Scientific classification
- Kingdom: Animalia
- Phylum: Chordata
- Class: Aves
- Order: Passeriformes
- Family: Pipridae
- Genus: Neopelma
- Species: N. aurifrons
- Binomial name: Neopelma aurifrons (Wied, 1831)

= Wied's tyrant-manakin =

- Genus: Neopelma
- Species: aurifrons
- Authority: (Wied, 1831)
- Conservation status: NT

Species of bird

Wied's tyrant-manakin (Neopelma aurifrons) is a Near-threatened species of bird in the family Pipridae, the manakins. It is endemic to Brazil.

==Taxonomy and systematics==

Wied's tyrant-manakin was originally described in 1831 as Muscicapa aurifrons, mistakenly placing it in the Old World flycatcher family. It was reassigned to genus Neopelma that was erected in 1860 with it as the type species. In 1944 what is now the Serra do Mar tyrant-manakin Neopelma chrysolophum was described as a subspecies of Wied's tyrant-manakin. They were separated based on a study published in 1995.

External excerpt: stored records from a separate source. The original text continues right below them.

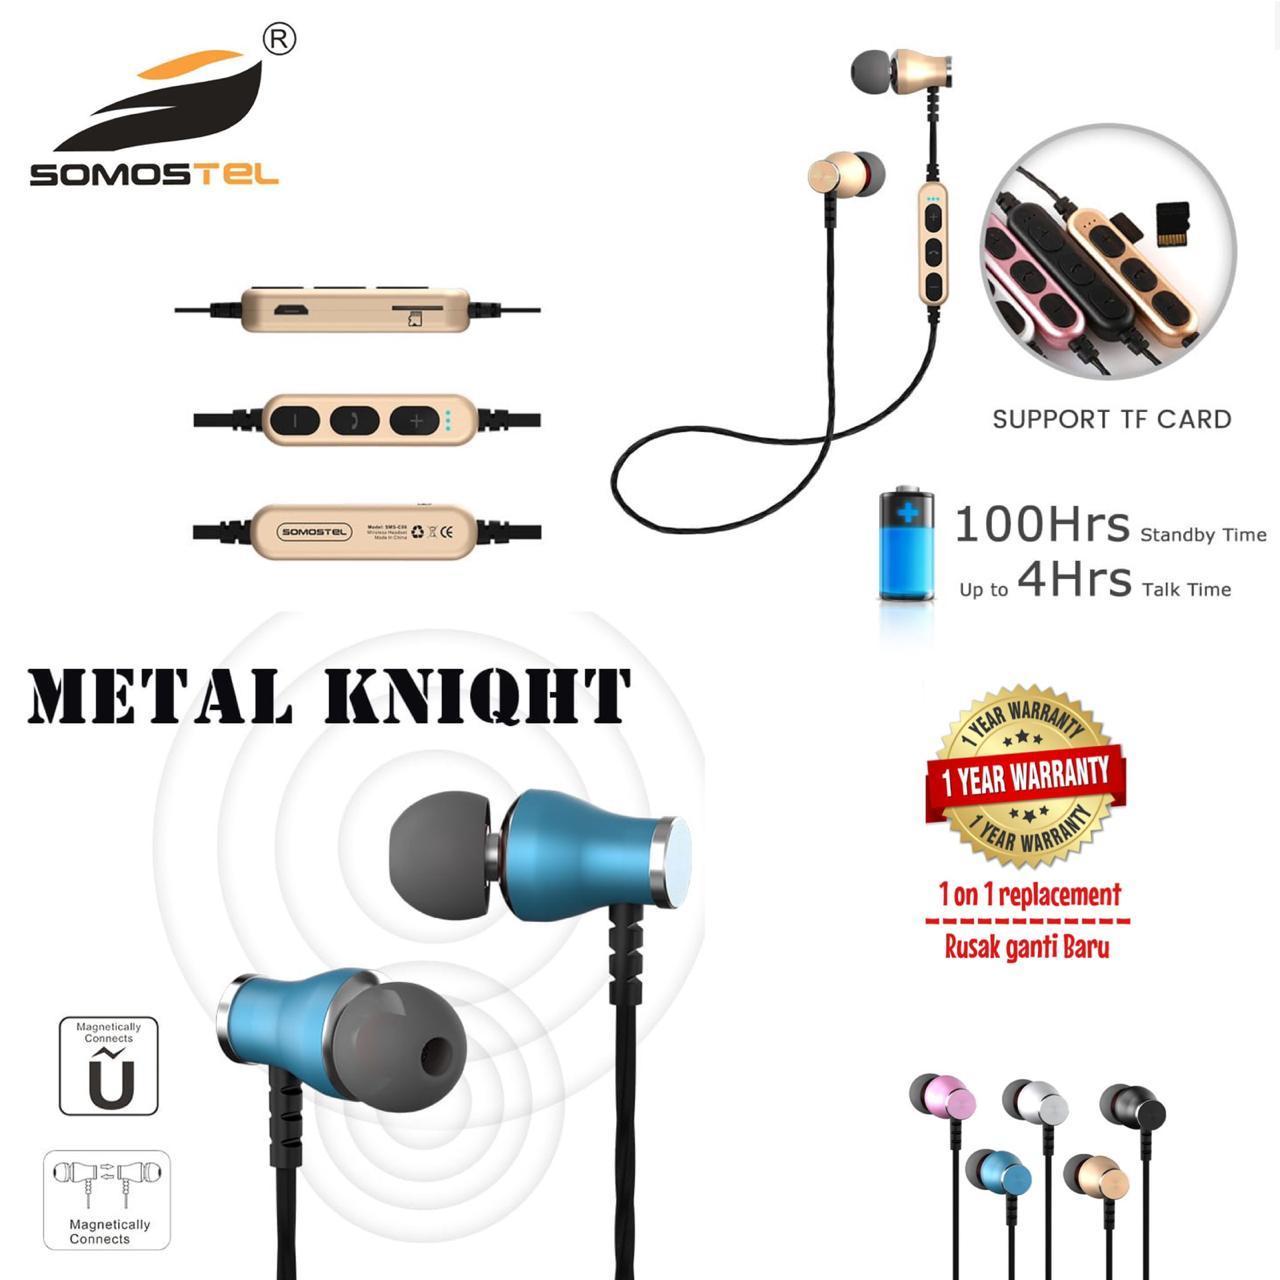 Somostel wireless earphone / headset bluetooth metal knigth , sms-ck01, garansi resmi 1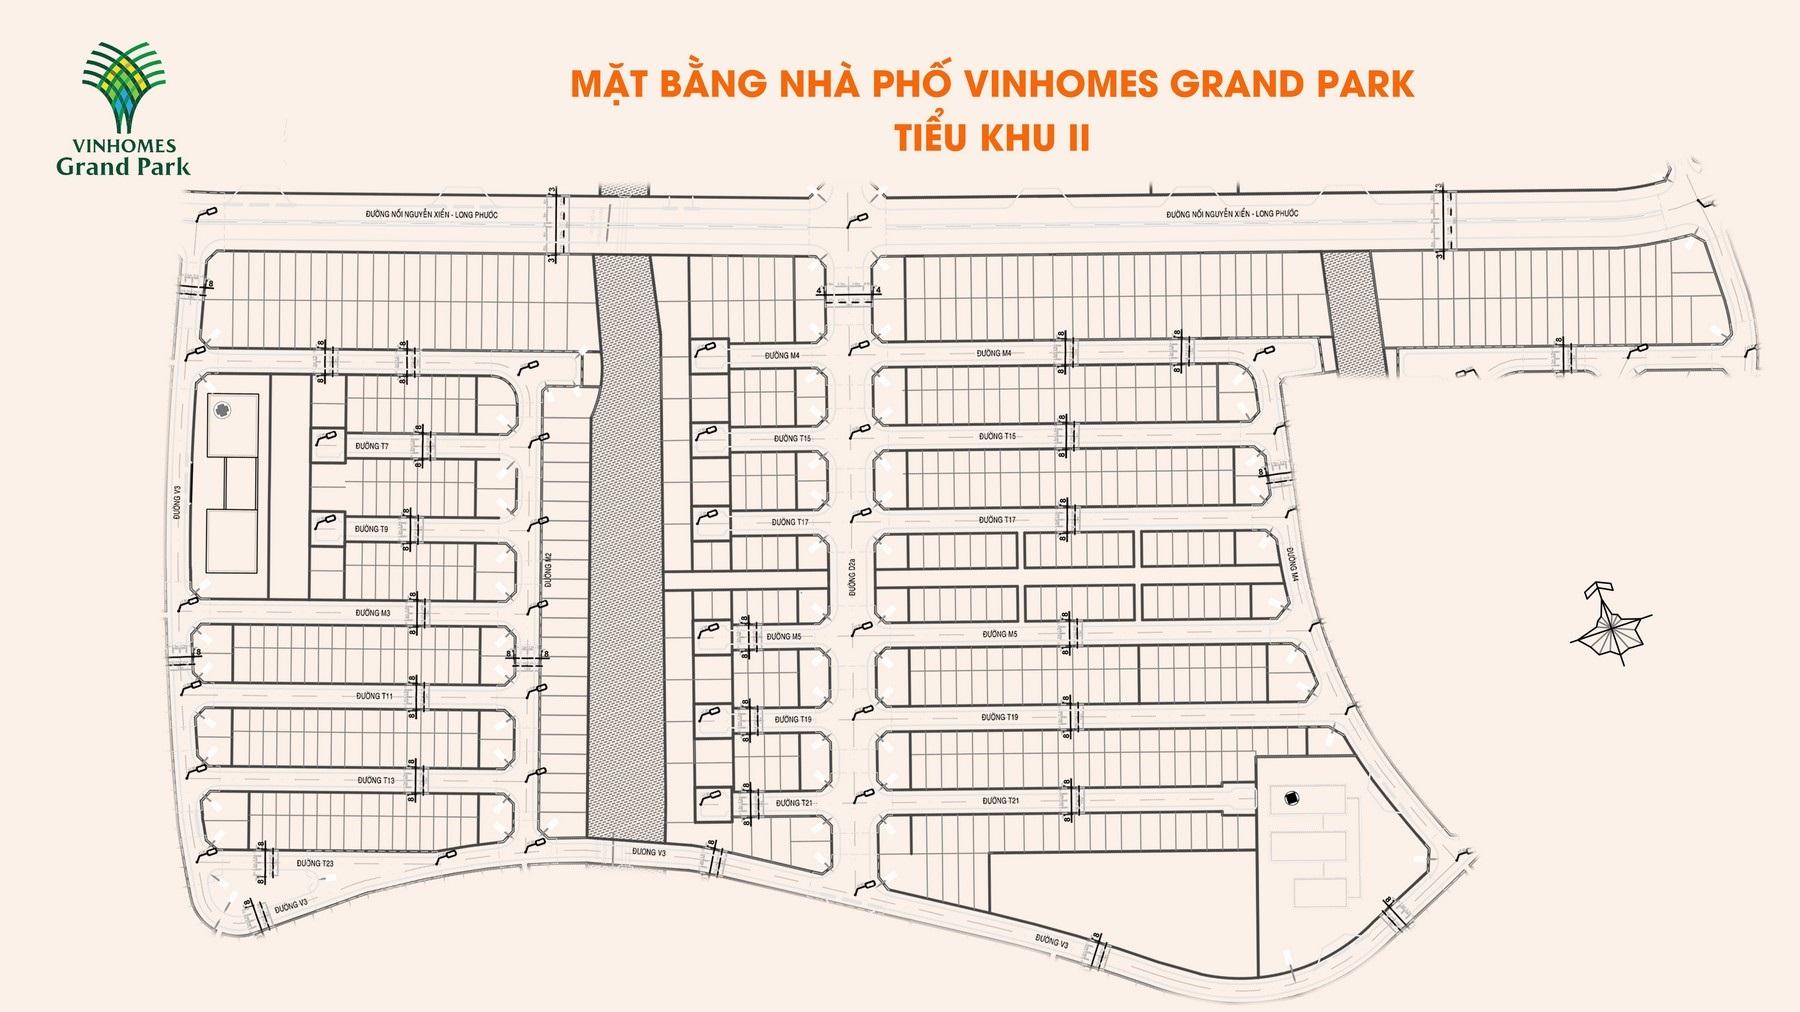 Mặt bằng The Manhattan Glory Vinhomes Grand Park, quận 9, TP HCM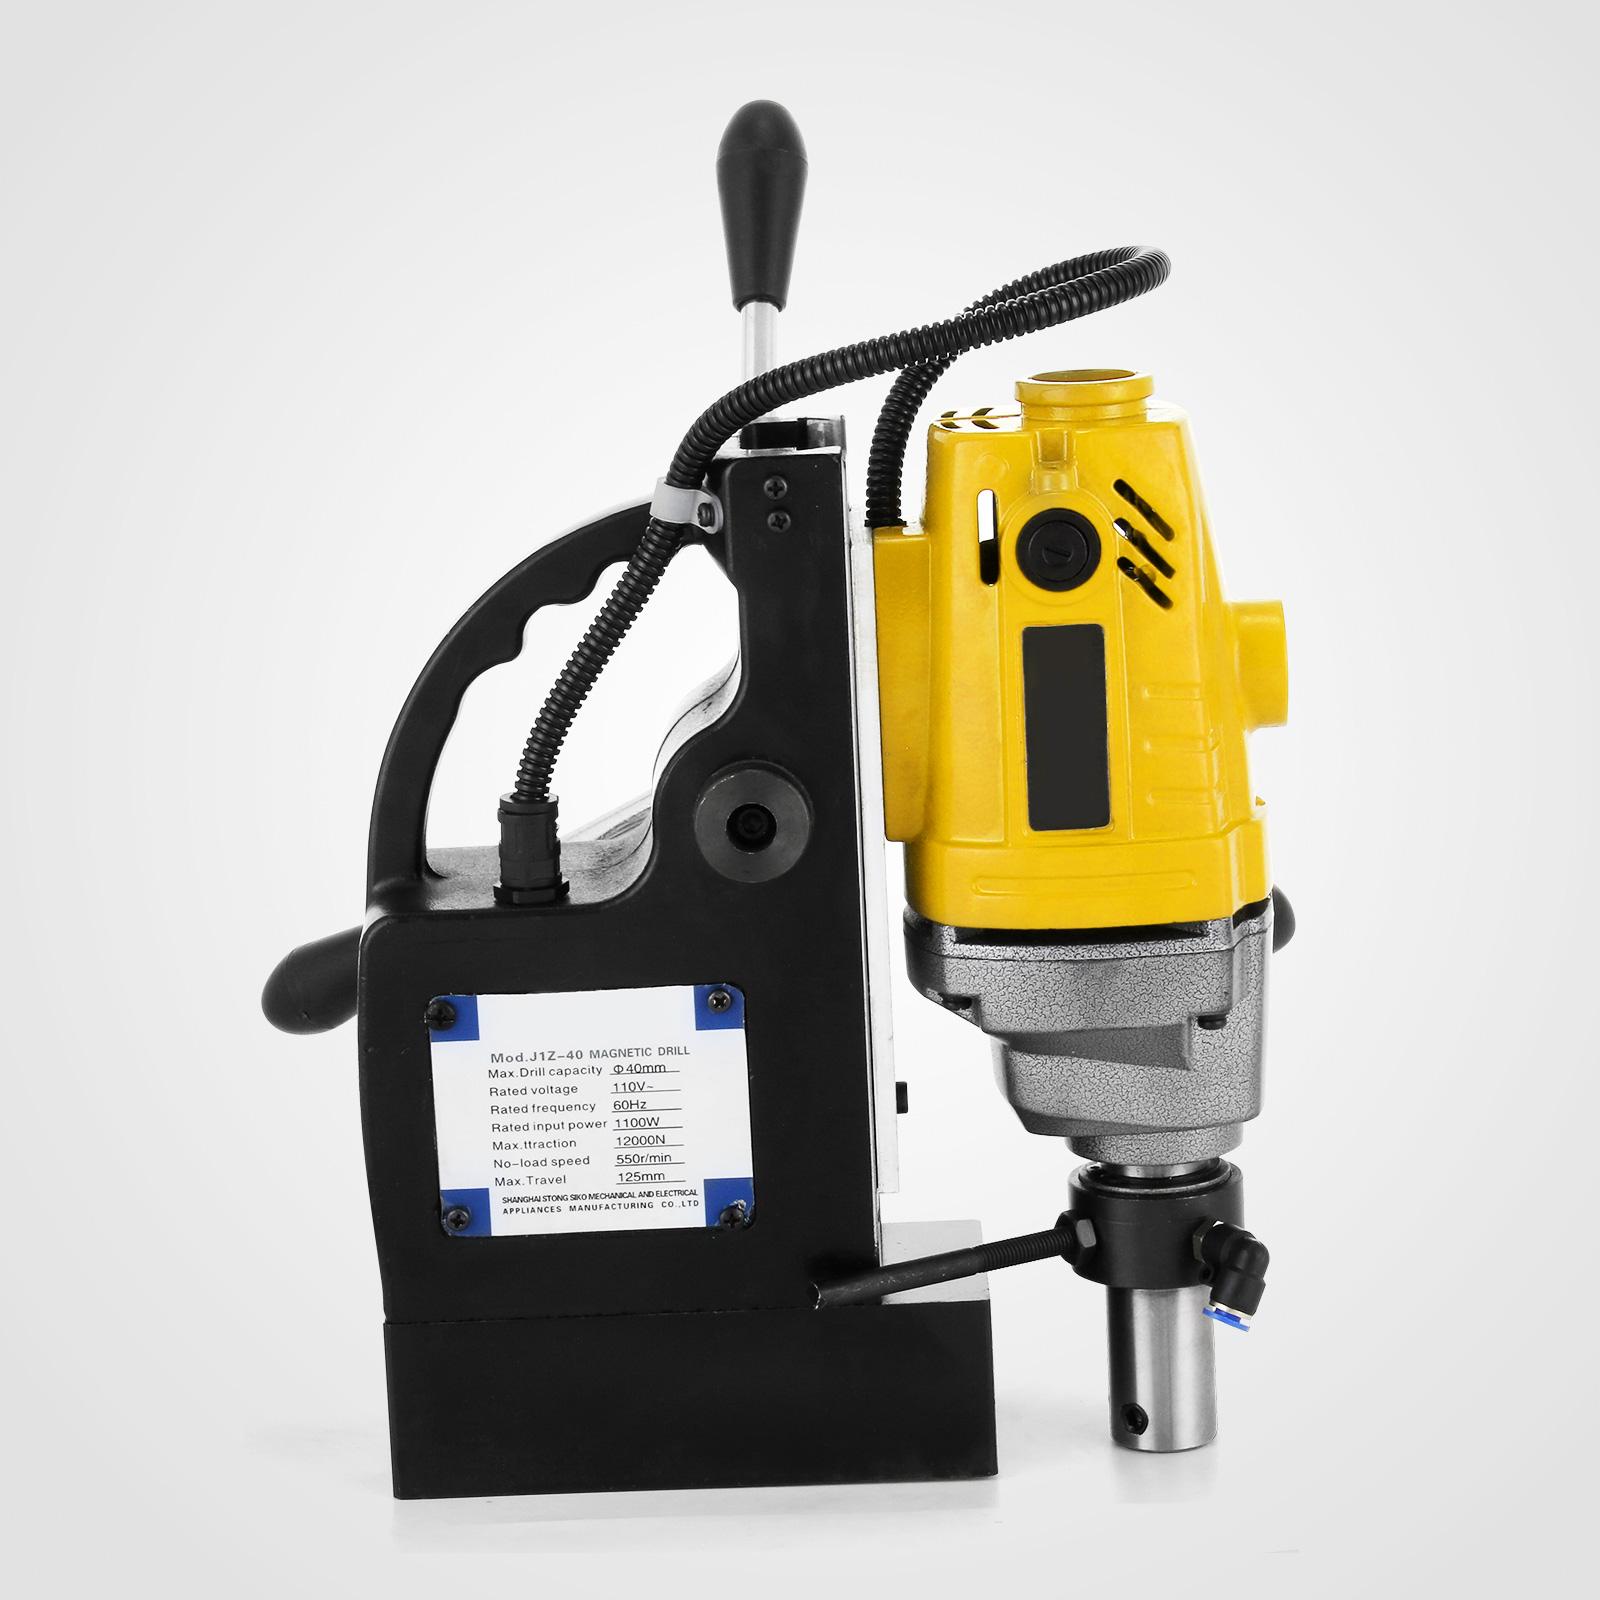 MB23-BRM35-MD40-Trapano-Perforatrice-Carotatore-Fresa-Magnetico-12-40mm-230V miniatura 18

Wied's tyrant-manakin is monotypic.

==Description==

Wied's tyrant-manakin is about 13 cm long. The sexes have the same plumage. Adults have a small yellow to orange-yellow stripe in the middle of the crown. The rest of their face, their upperparts, wings, and tail are olive-green. Their throat is dull grayish white, their upper breast grayish olive, and their lower breast and belly pale sulphur-yellow. They have a pale grayish mauve iris, a grayish bill, and grayish legs and feet.

==Distribution and habitat==

Wied's tyrant-manakin is found intermittently in coastal eastern Brazil from southern Bahia south to eastern Minas Gerais and Espírito Santo. There are also historical records further south in Rio de Janeiro state. It primarily inhabits the interior of undisturbed or slightly disturbed humid forest and occasionally is found at the forest's edge. In elevation it ranges from sea level to 1000 m.

==Behavior==
===Movement===

Wied's tyrant-manakin is believed to be a year-round resident.

===Feeding===

Wied's tyrant-manakin feeds mostly on small fruits and also includes insects in its diet. It mostly forages within about 7 m of the ground. It plucks or grabs its food from vegetation with a short sally from a perch; sometimes it briefly hovers.

===Breeding===

Wied's tyrant-manakin males sing from a branch in the forest's understory to mid-story, usually in a somewhat open but shaded area, and typically between about 3.5 and 7 m above the ground. Nothing else is known about the species' breeding biology.

===Vocalization===

The song of Wied's tyrant-manakin is a "yodeling yo-deé-wo-dée, 1st deé (or tjiw) much higher, second slightly higher".

==Status==

The IUCN originally in 2000 assessed Wied's tyrant-manakin as Endangered, then in 2004 as Vulnerable, and since 2021 as Near Threatened. It is found in twenty or fewer sites, occupying about 1500 km2 within its overall range of 142,000 km2. Its population size is not known and is believed to be decreasing. "Its lowland forest habitat has been historically threatened by agricultural conversion, deforestation for mining and plantation production. Current key threats to these forests are urbanisation, agricultural expansion, selective logging, dam construction, colonisation and associated road building." Alterations in its habitat due to climate change is a further potential threat. It is considered rare to uncommon. "Conservation priorities include establishment of effective protection of the small population found NE of Rio de Janeiro city; field surveys also required in order to determine whether the species survives at other sites within its range."